The fabulous conniving trio of Dr James Swaby, Henry Allardyce and Francis Lockwood (Stewart Atkins, David Slater and Dannii Carr) were so much fun on stage. The three singing 'A Private Function was truly special; while Allardyce and Gilbert sang 'Betty Blue Eyes' with such love for the pig.. Well done gentlemen for bringing such humour to the show. As for the toilet scene, this was very English humour and had the audience in stitches.
Mother Dear (Fiona Bocking) was delightful; she played the role with excellent humour and a very funny performance which all of the audience loved. Good facial expressions and body language, this was truly a role for a mature performer to grab.
The villain of the piece is Inspector Wormold (Ian Gilbert) Dressed in a long black leather coat and black hat, typical of the Gestapo. He was wonderfully over the top and played the role as a pantomime villain to perfection, with excellent stage presence. Entering in green light and taking great glee painting the meat green so it could not be eaten, he commanded the stage. I felt like booing him every time he entered.
Betty Blue Eyes was obviously the star of the show and was operated well by Alice Mason. The trick when you operate a puppet is not to look at the audience but to become one with the creature. This she did and I totally believed in Betty on stage.
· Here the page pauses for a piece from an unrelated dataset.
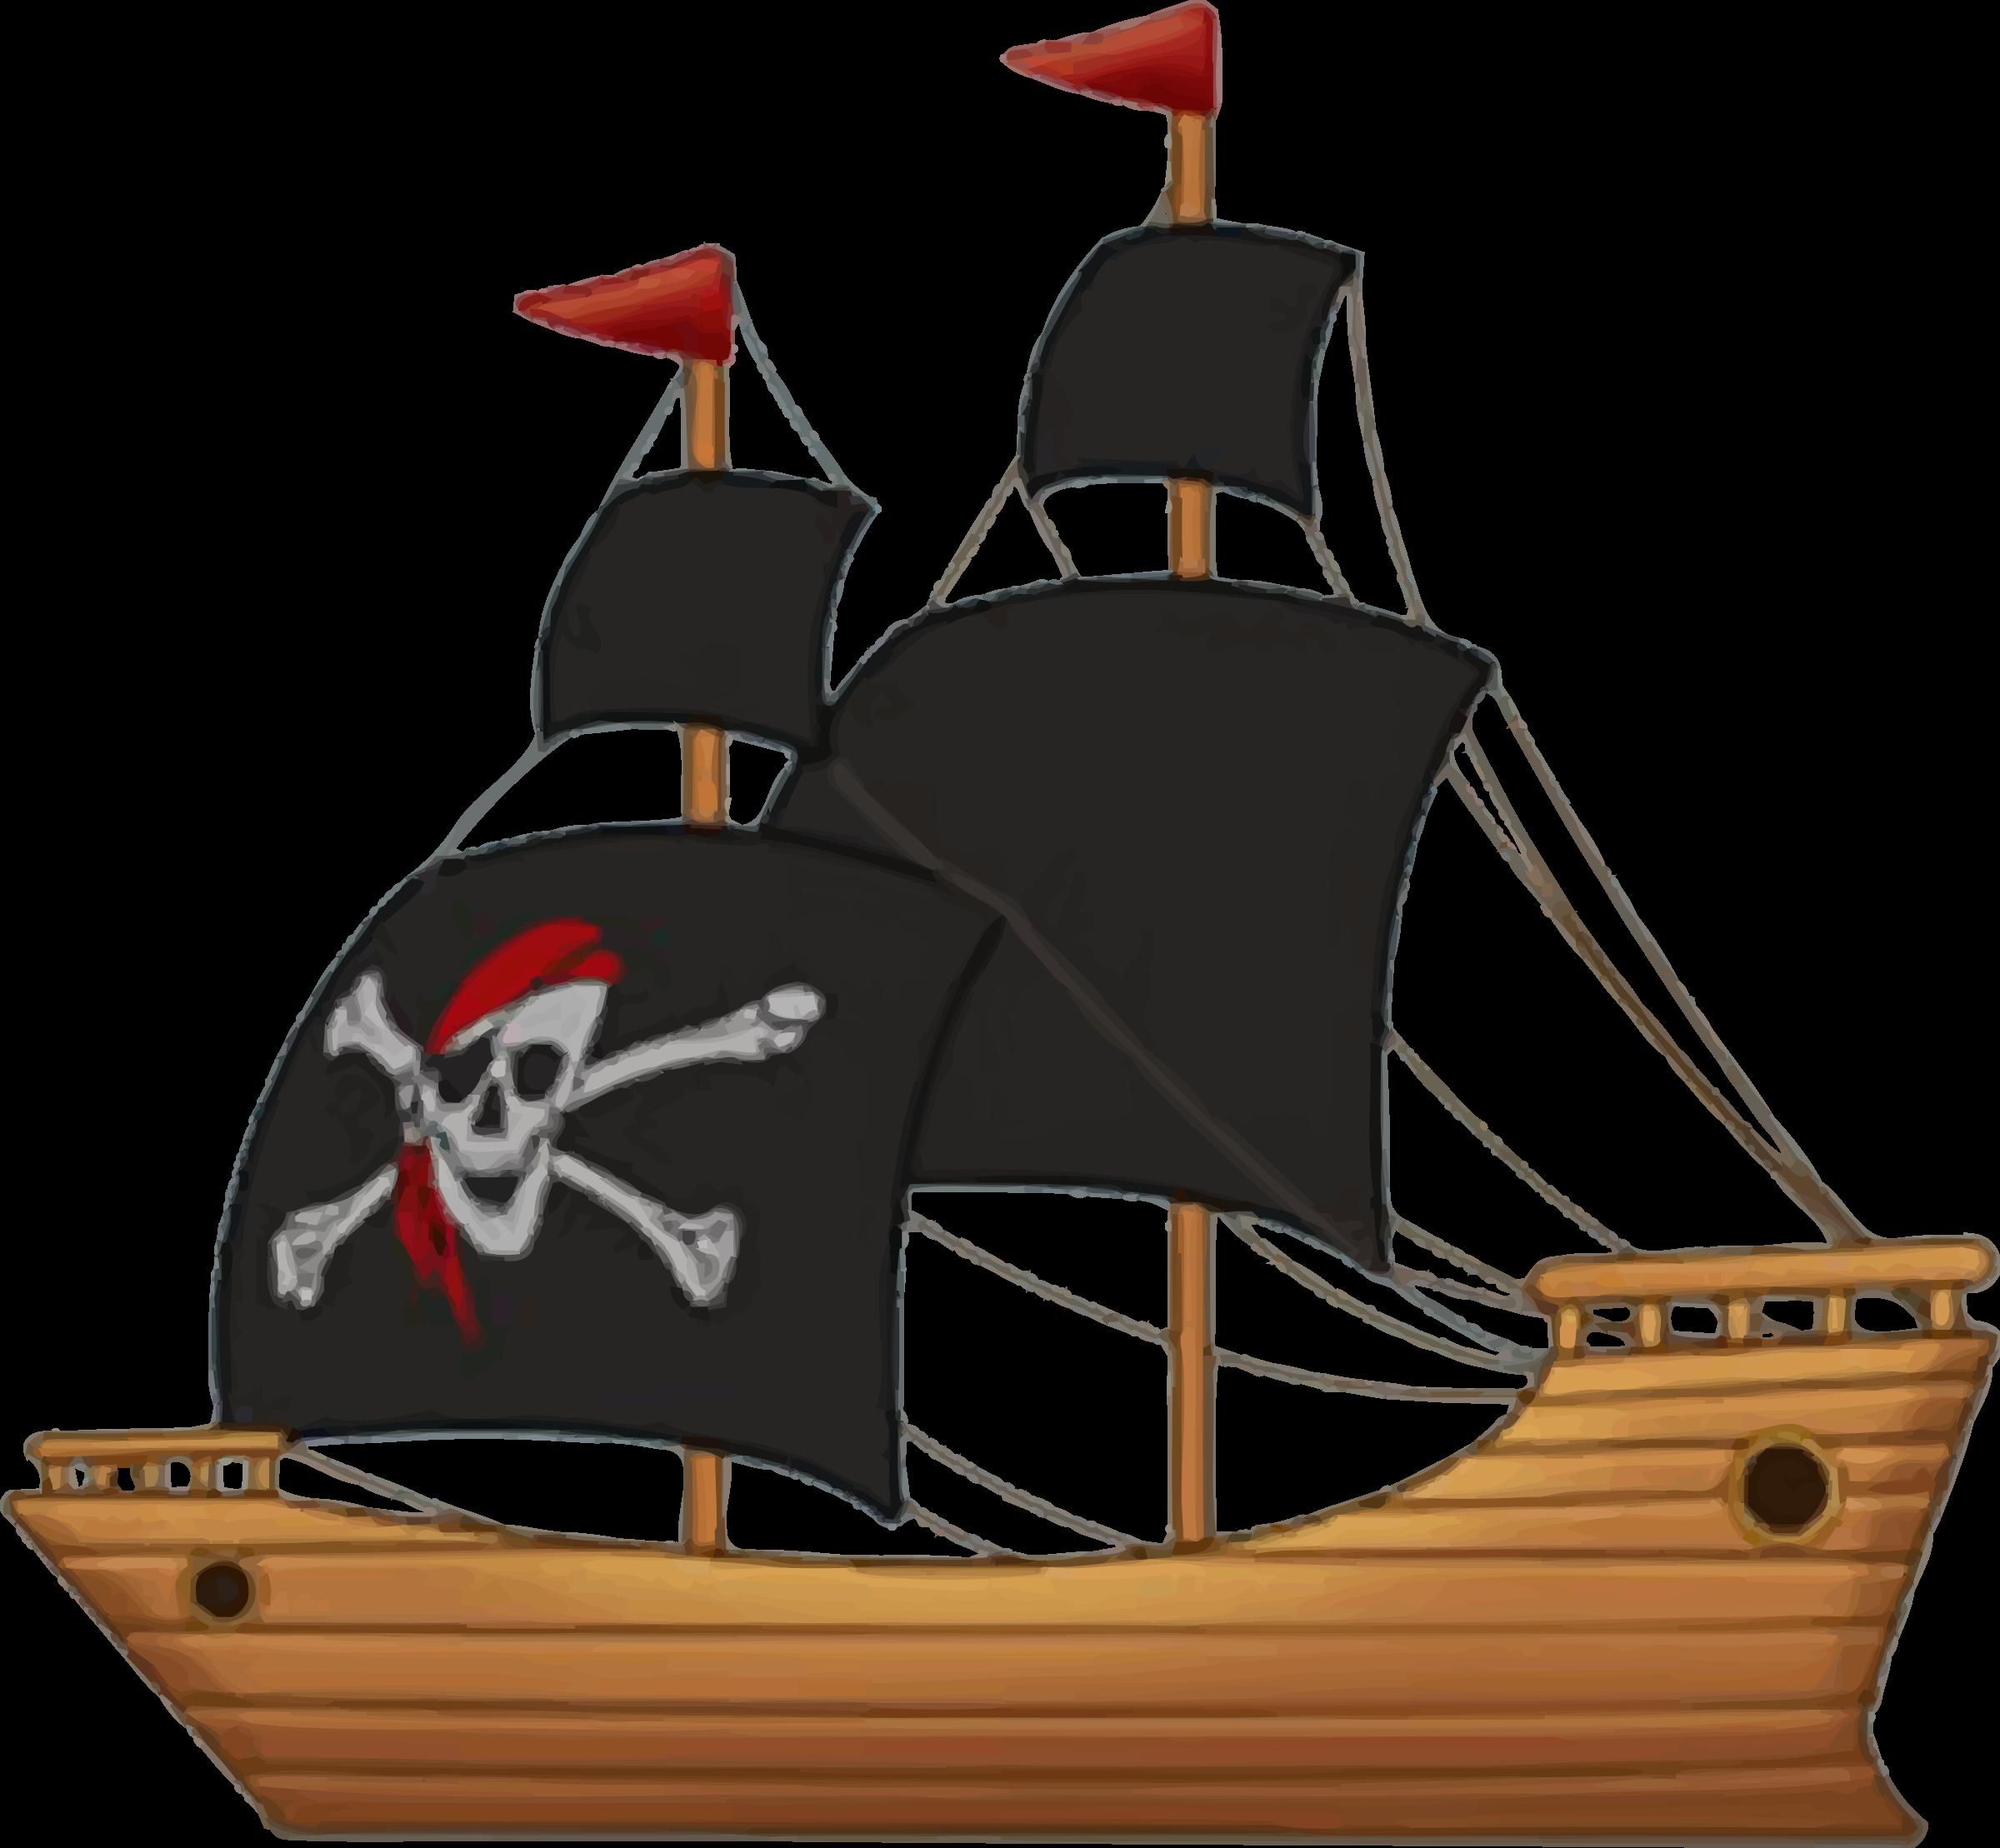 free stock Boat pirate ship pencil. Boats clipart tanker
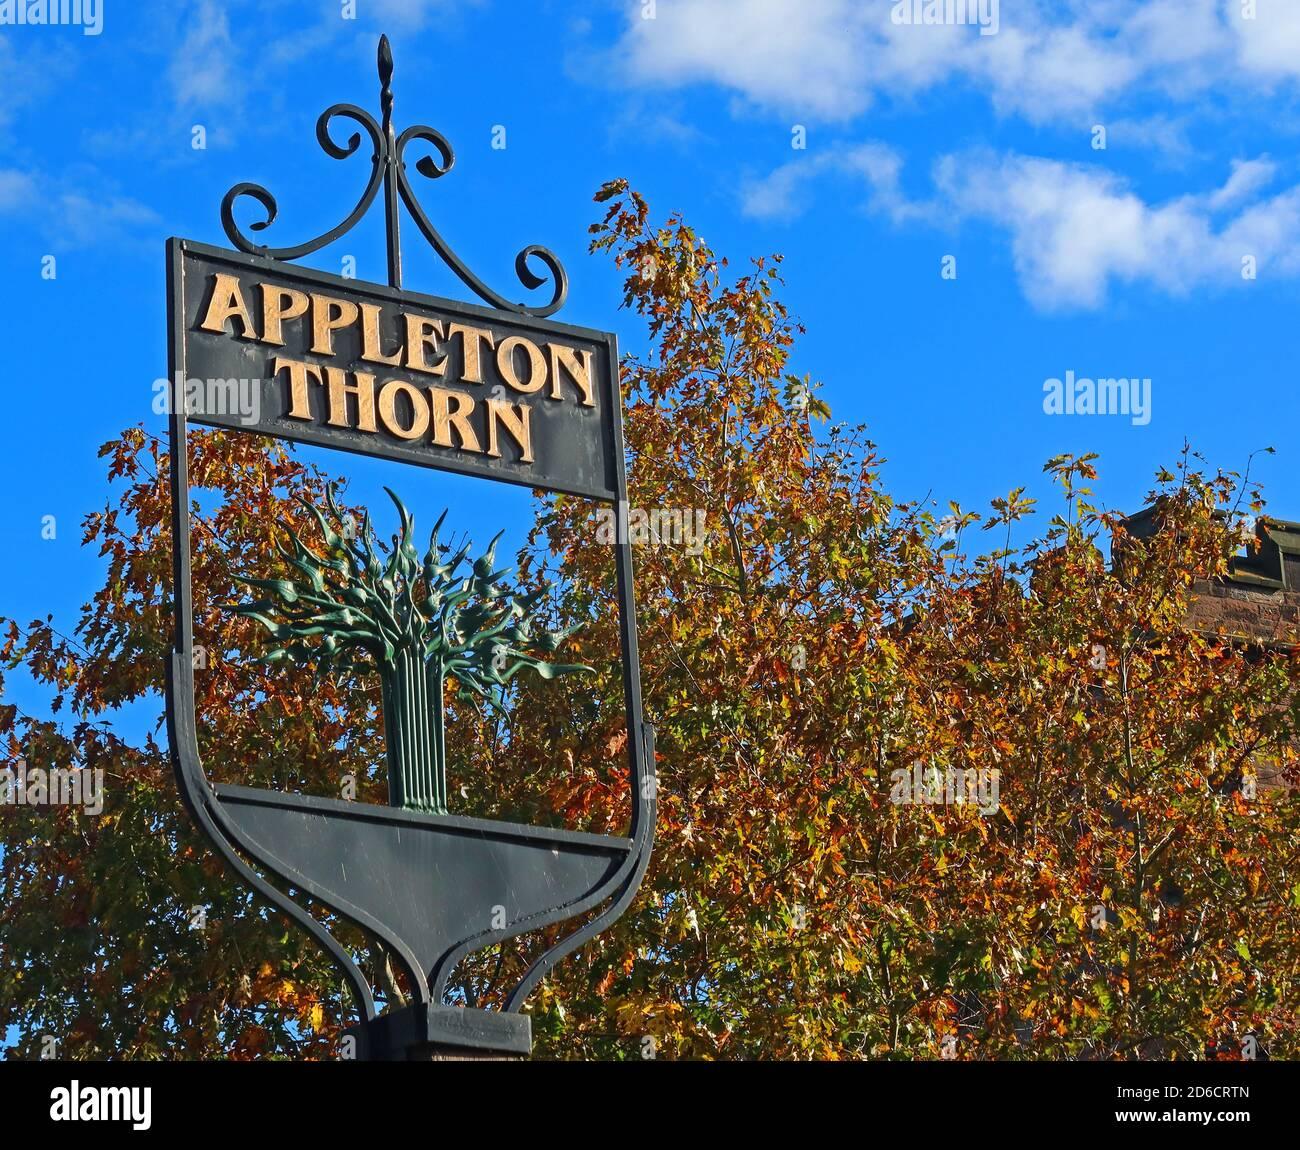 Dieses Stockfoto: Appleton Thorn Village Schild, Lumb Brook Road, Grappenhall Lane, Appleton Thorn, Warrington, Cheshire, England, UK, WA4 4QX - 2D6CRT

There were so many wonderful performances by the huge cast and as usual WAOS has true talent and gives us superb shows. Costumes, wigs, make up were appropriate to the late 40's early 50's and had been obviously well researched by the production team. Lighting was imaginative and sound quality good.
This was a super show, excellently directed by Claire and her assistant Emma Loring which brought laughter and happiness to the audience, who left the theatre having loved every moment. Huge congratulations to all.